Friday, 22 June 2012

Takehiko Nakafuji "Night Crawler" 1995

Takehiko Nakafuji "Night Crawler" 1995:

'via Blog this'

With apologies to anyone who isn’t on Facebook, but this was the best link I could find for a selection from Nakafuji’s Night Crawler, which I discovered in the May 2012 issue of BJP. There is a somewhat smaller but more accessible selection here.

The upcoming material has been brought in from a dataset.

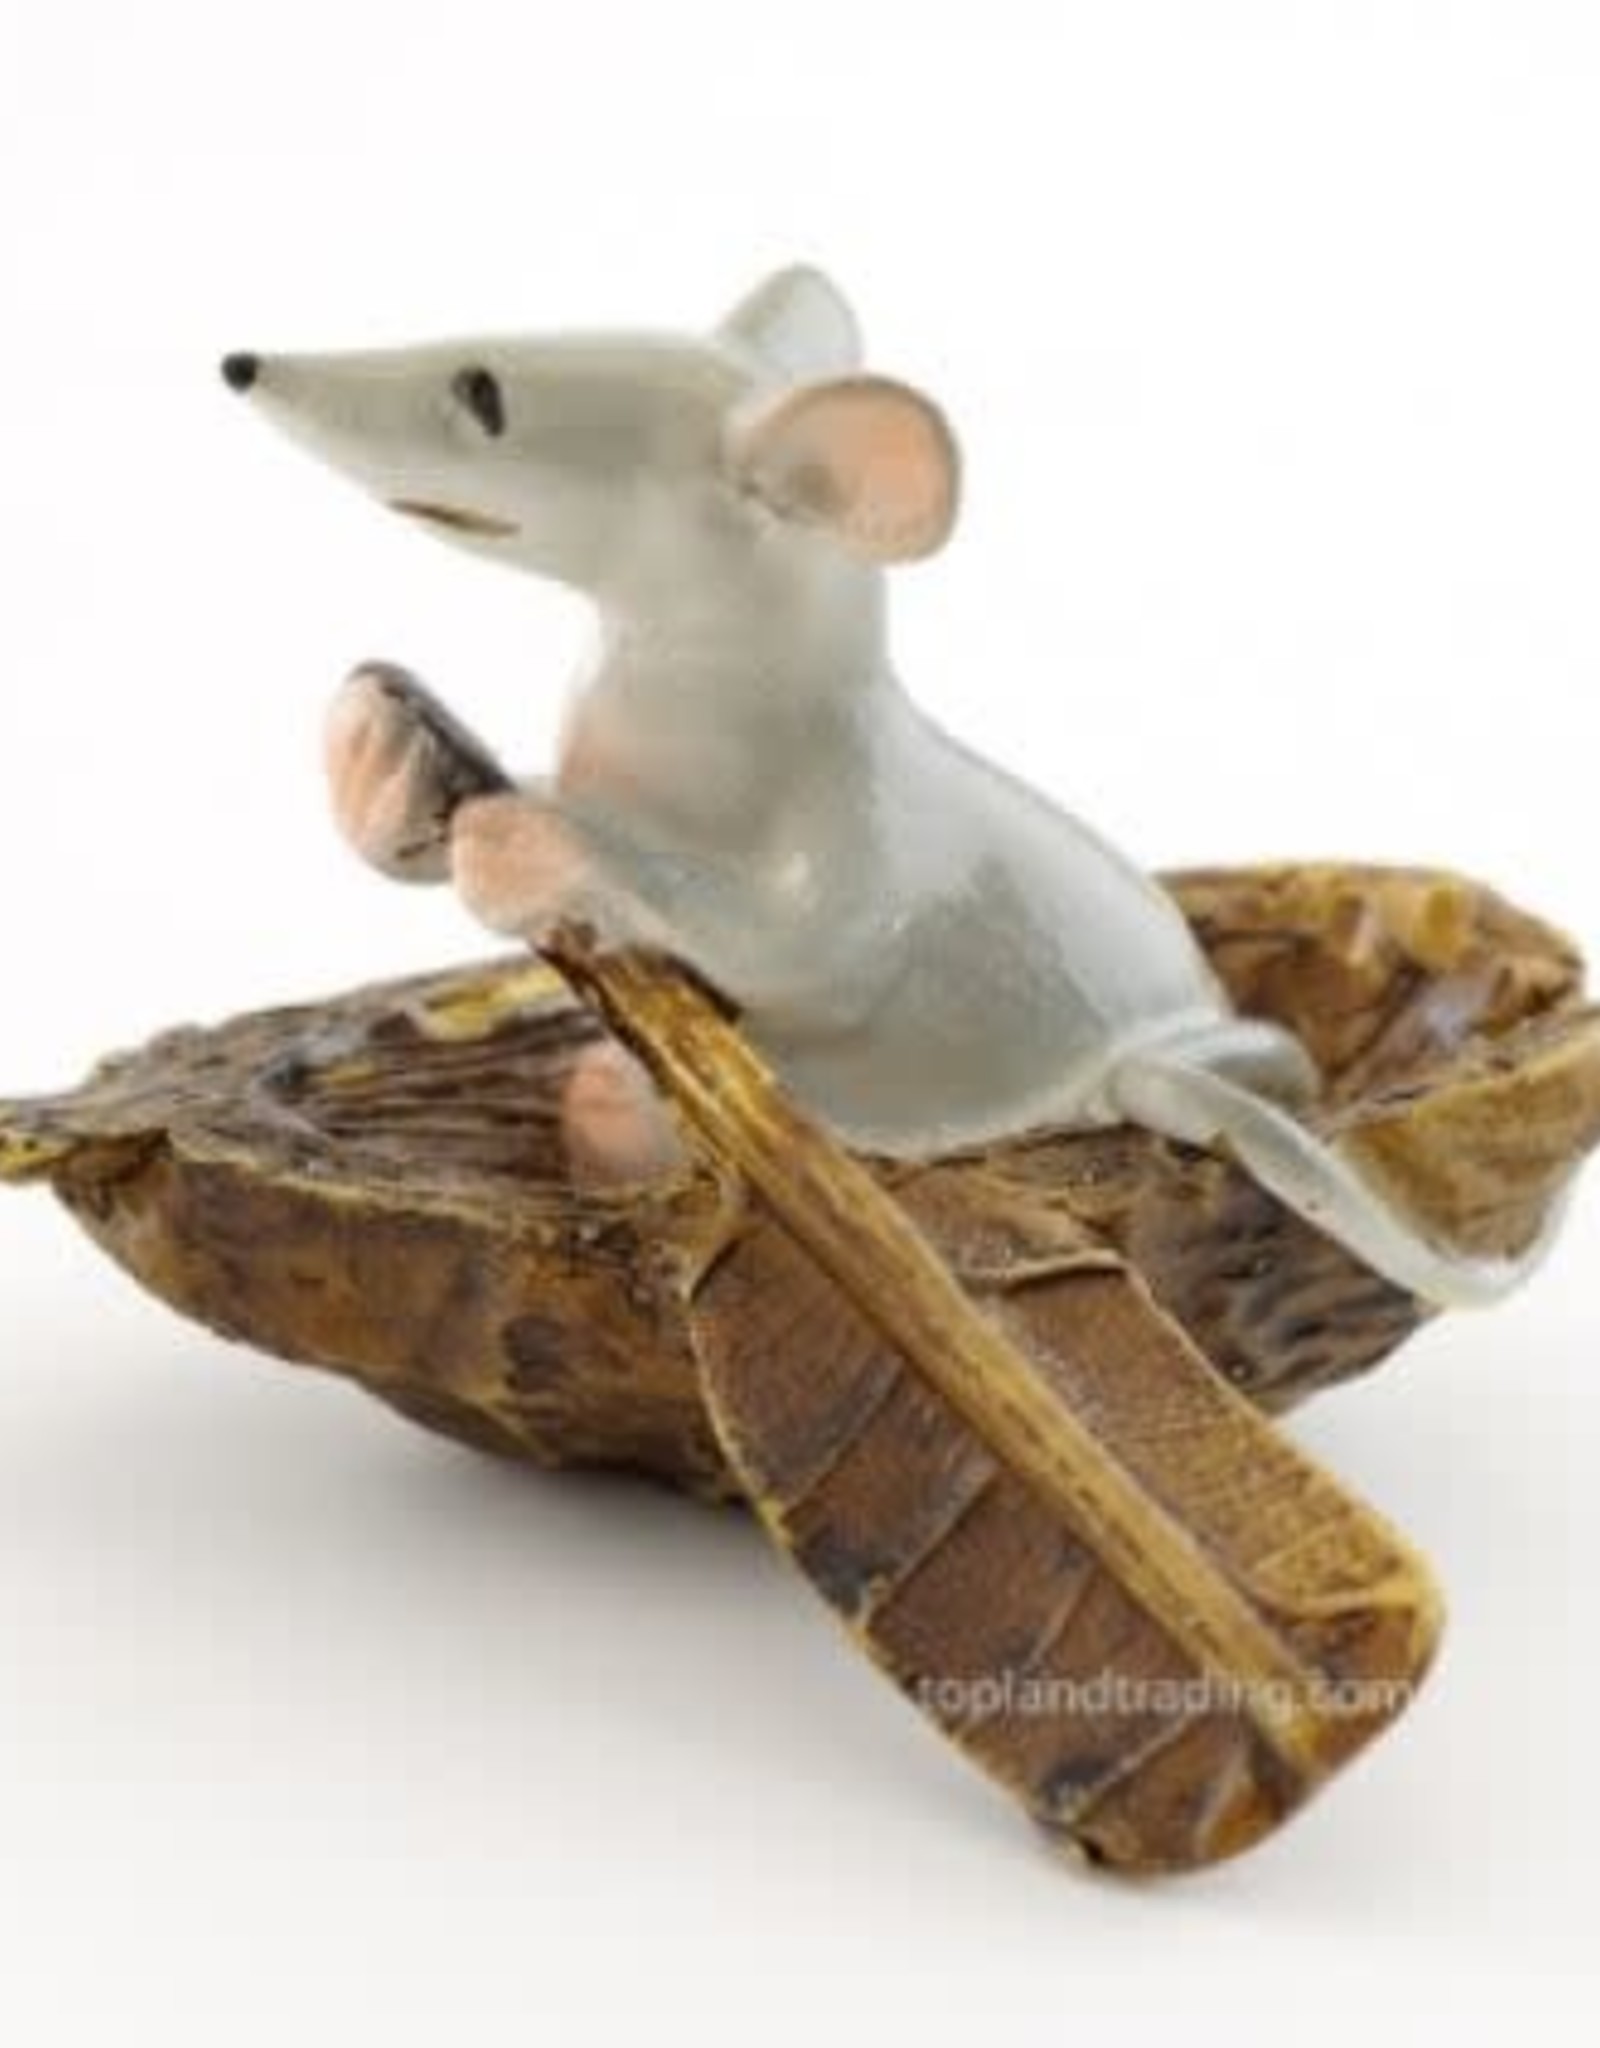 Top Land Trading MOUSE ROWING BOAT

It jumped out at me for its resemblance to Daido Moriyama, in that they are night shots in grainy high-contrast black and white, so it was no surprise to find the Nakafuji had studied under him. Night Crawler 1995/2010 is about Tokyo at night and concentrates on the differences between the ‘95 set and the later set. Sadly, it’s rather difficult to make head or tail of these differences in the rather limited viewing circumstances offered by Facebook and the other galleries. However I find the individual photos themselves very striking (not least I suspect because of the stylistic similarity to some of the stuff I’m currently producing).

The lead example in the BJP article is a case in point:


The overall image is dominated by the contrast between the very deep blacks of the shadows and the strangely luminous – almost ghostly – face of the girl under the umbrella. Incidentally, it is placed almost dead centre in the photo, which is contrary to conventional wisdom, but serves to draw even more attention to it. She seems to be huddled against the cold or even hoping to pass by un-noticed – I can’t help wondering what is happening just out of shot. The tilt of the picture also adds to the tension, as does the hint of activity in the background. It’s unclear if the intense white around the girl is a result of the lighting or has been added in the darkroom, but it does add to the shot by hgelping to isolate her from the surrounding shadow. One final thing that stands out to me (punctum perhaps) is the size of her shoes, which seem surprisingly large.

The article does not mention why Nakafuji uses the high contrast treatment, but I’d be interested in his take on this as it might help me understand my own interest in the style. One thing the set does make clear though is that it can be used quite effectively in people pictures – something I’m just starting to experiment with.